The primary objectives of this prospective study are to examine the impact of high-intensity interval training compared to moderate-intensity continuous exercise training in adults with persistent or permanent atrial fibrillation on exercise capacity and quality of life.
Atrial fibrillation is the most common heart rhythm disorder. Significant disease and death rates are associated with atrial fibrillation because of stroke risk, the complications of medications, poor quality of life and reduced exercise tolerance. Many patients report they have a lower quality of life because of this condition, so finding new ways of helping patients manage and cope with this health problem may help a great number of people. The management of atrial fibrillation is of great importance.
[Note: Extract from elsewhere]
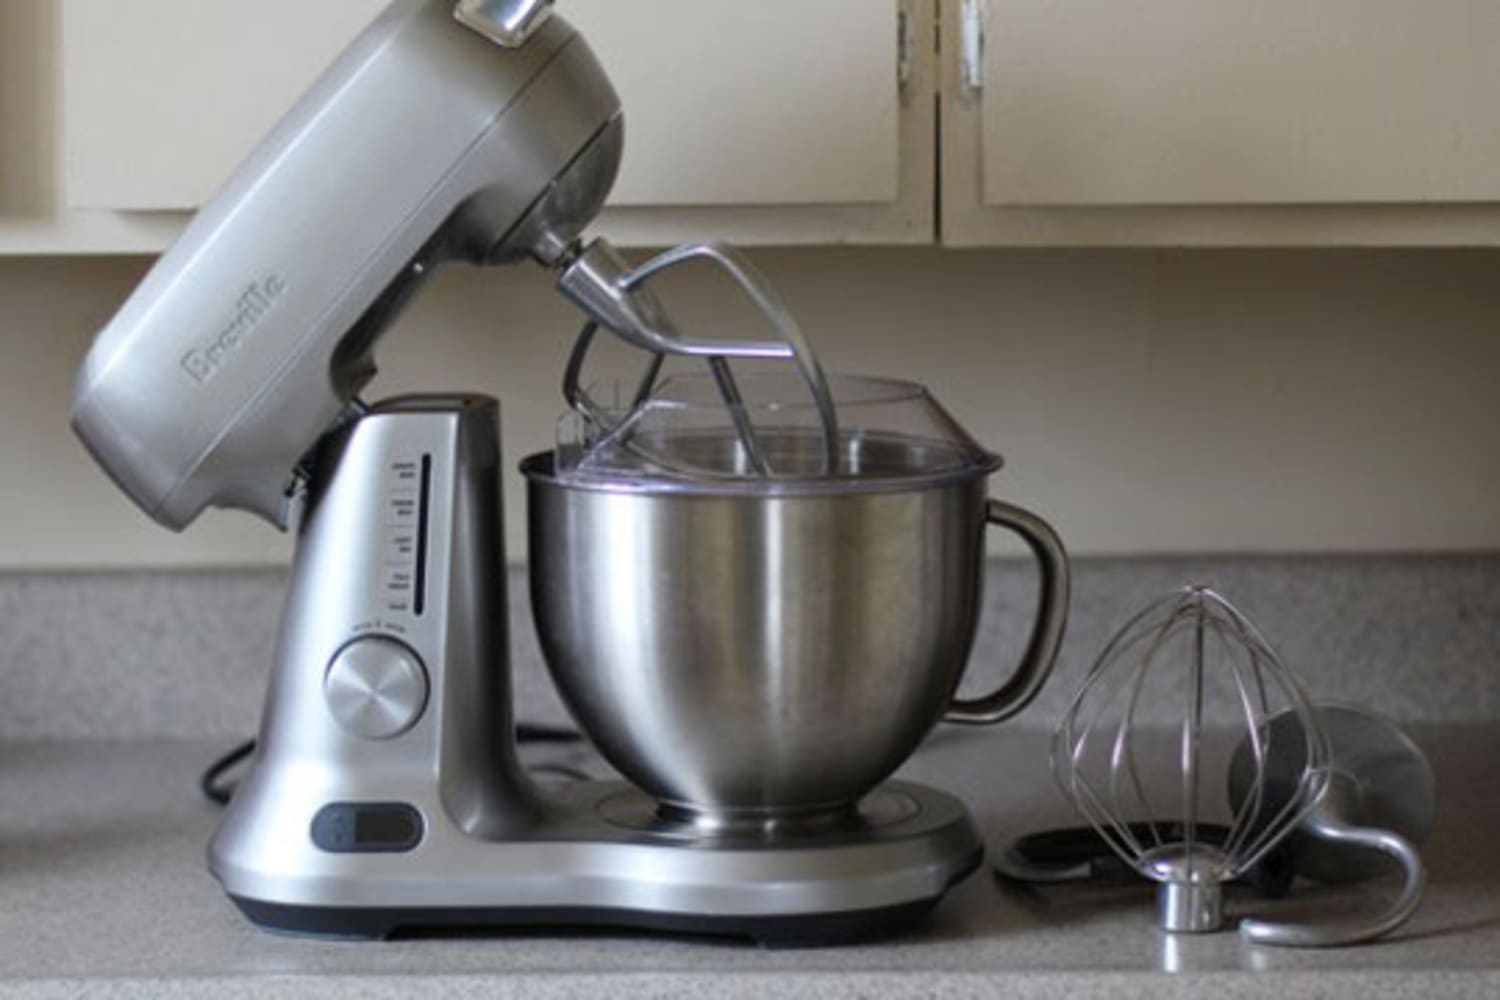 Product Review: Breville 5-Quart Stand Mixer
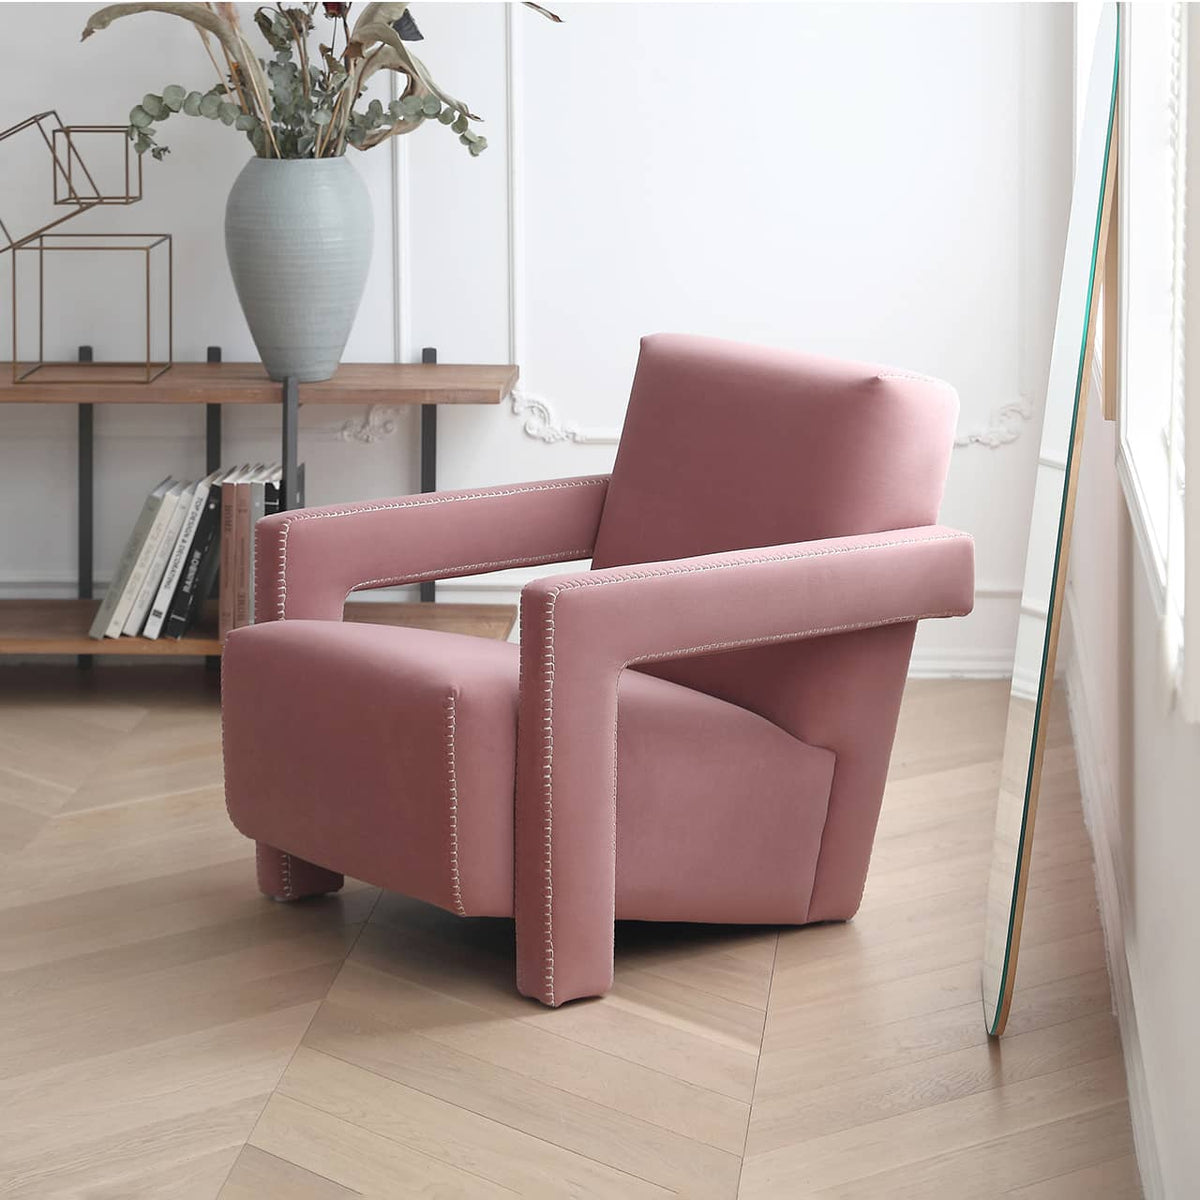 Luxurious Pink Pine Suede Chair - Stylish and Comfortable Seating my-356

Despite the presence of exercise intolerance, weight gain, and an associated decline in overall health and well-being in patients living with atrial fibrillation, recommended standard care does not currently include the prescription of exercise to address these significant health issues. Exercise training is a recognized form of treatment of persons with heart disease. An exercise program such as high-intensity interval training when compared to moderate-intensity continuous exercise training may provide a stronger training stimulus for exercise and clinical outcomes; may be more efficient and motivating; and, may help to improve adherence to exercise training in persistent or permanent atrial fibrillation patients. This has been shown in patients with coronary artery disease and heart failure.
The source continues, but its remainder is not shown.